In order to gain some insight into this, we've performed a Markov model analysis of scoreline states in soccer games across the top 5 European domestic soccer leagues. The Markov model approach was selected as we are interested in how the scoreline impacts the rate of goal scoring for each team (i.e. not just the probability of who will score next). The Markov transition probabilities (e.g. probability for a game to go from a 0-0 scoreline to 1-0 in a certain timeframe) are representative of the scoring rates of the two teams in a given state. Thus a Markov model offers a convenient analytical approach.<sup>1</sup>


The data used for this analysis, as well as some data importing code, were accessed from:

* Pappalardo, Luca; Massucco, Emanuele (2019): Soccer match event dataset. figshare. Collection. https://doi.org/10.6084/m9.figshare.c.4415000

* Pappalardo, L., Cintia, P., Rossi, A. et al. A public data set of spatio-temporal match events in soccer competitions. Sci Data 6, 236 (2019) doi:10.1038/s41597-019-0247-7, https://www.nature.com/articles/s41597-019-0247-7

<sup>1</sup> Discussion around the applicability of the Markov property to the scoreline states is included in the Results section.

#### Preview of  results

As a preview of our results, Figure 1 below shows the estimated scoreline transition probabilities for scorelines including up to 2 goals. These transition probabilities represent the probability of transferring from a specific scoreline to another (or remaining in the same scoreline) in a ~5 minute window. The scoreline format presents home team goals on the left and away team goals on the right.

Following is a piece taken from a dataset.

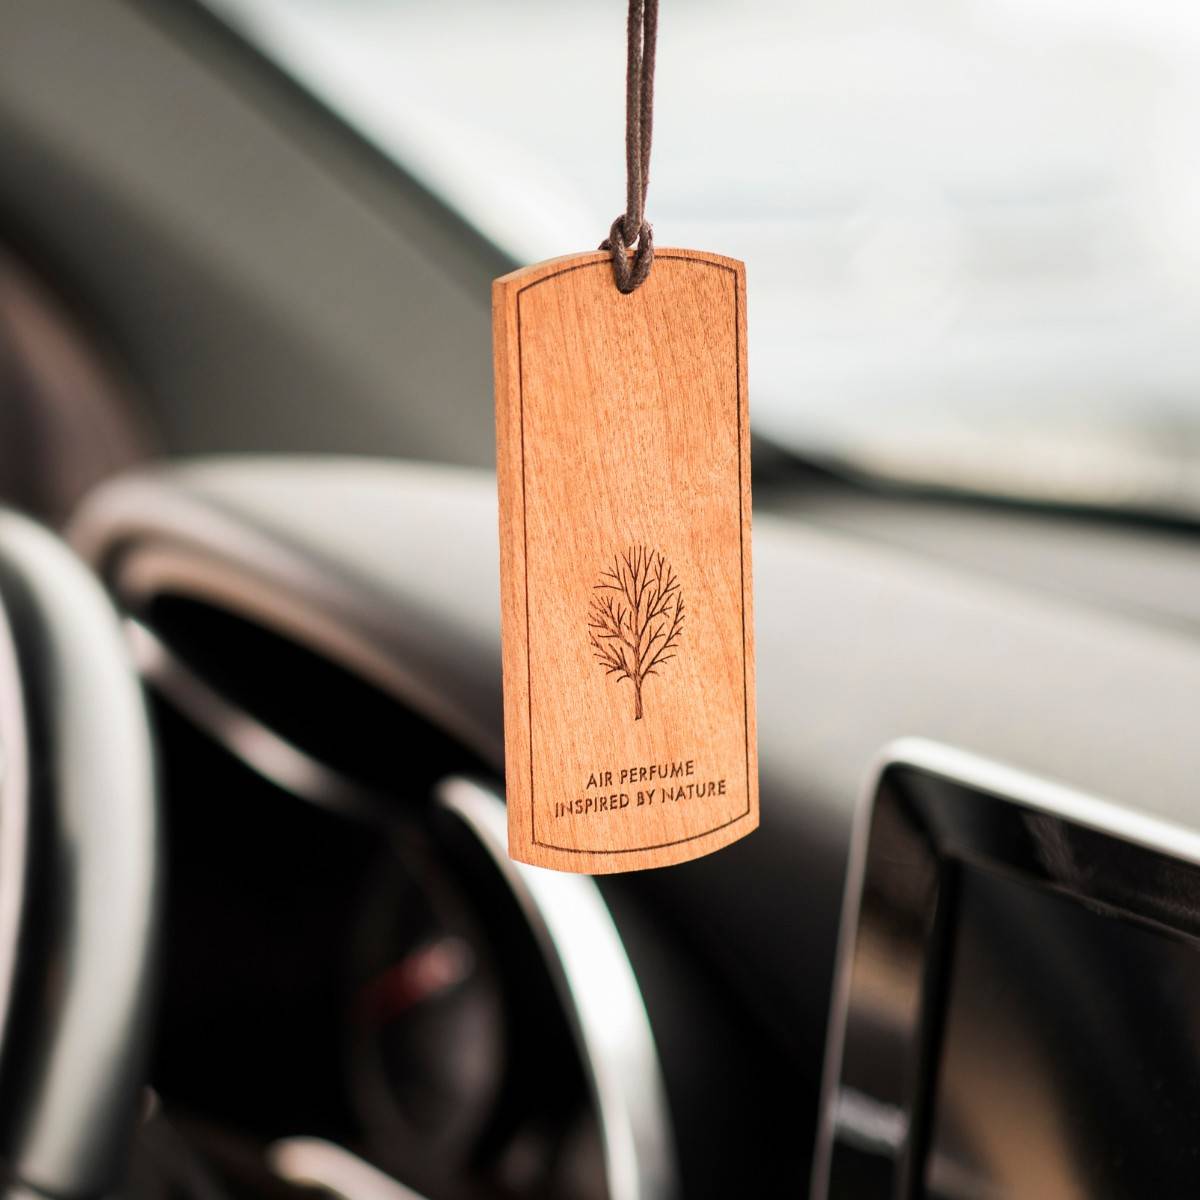 Evos wooden car air freshener - Samurai thumb

As can be observed in the figure below, it is possible for the scoreline to change by 2 goals in a ~5 minute window. Note that since we limited the figure to only showing scorelines up to 2 goals, some of the transition probabilities from a single scoreline node may not add to 1.

As we get further into our results, we will break down these results to help us understand how scoring rates for the home and away teams change based on the scoreline state. This will help us understand the impact of "chasing the game".

![fig1-2.PNG](attachment:fig1-2.PNG)
<div align="center"><b>Figure 1:</b> Transition probabilities for scorelines up to 2 goals</div>



## Importing packages

Importing necessary packages for the analysis.

In [1]:
import json
import numpy as np
import pandas as pd
import itertools
import matplotlib.pyplot as plt
from collections import Counter
import scipy as sp
from scipy import stats
from scipy import optimize
from scipy.integrate import quad
import transitionMatrix as tm
from transitionMatrix.estimators import cohort_estimator as es

import warnings
warnings.filterwarnings('ignore')


## Loading in data

Here we are loading in the events data from which we will pull the goal events, as well as the matches data to provide us some contextual information for the goals. 

The data used for our analysis, the *Soccer match event dataset*, is a publically available dataset containing all the spatio-temporal events (e.g, passes, shots, fouls, etc.) that take place during all matches of an entire season. The data is available for La Liga, Serie A, Bundesliga, Premier League, Ligue 1, FIFA World Cup 2018, UEFA Euro Cup 2016.

We have focused on the 5 European domestic leagues and excluded any international tournaments due to differing strategy/incentives from the different competition structure (e.g. no value for holding a draw in a knockout game).

In [2]:
events={}
nations = ['Italy','England','Germany','France','Spain']
for nation in nations:
    with open('events/events_%s.json' %nation) as json_data:
        events[nation] = json.load(json_data)

matches={}
nations = ['Italy','England','Germany','France','Spain']
for nation in nations:
    with open('matches/matches_%s.json' %nation) as json_data:
        matches[nation] = json.load(json_data)

## Data setup

In this section we take the initial steps necessary to prepare our data for the Markov chain analysis. There are several steps needed to get to the appropriate format for the transitionMatrix package. The package had some issues for which I had to identify workarounds.

#### Identifying goals

We first pull all goal events into a separate dataframe. Both the tag for a goal and the event name are used to identify goal events. This was done as we found that the goal tag (i.e. 101), was included on some other events that were associated with a goal (e.g. a goalkeeper parry that still results in the ball going into the net).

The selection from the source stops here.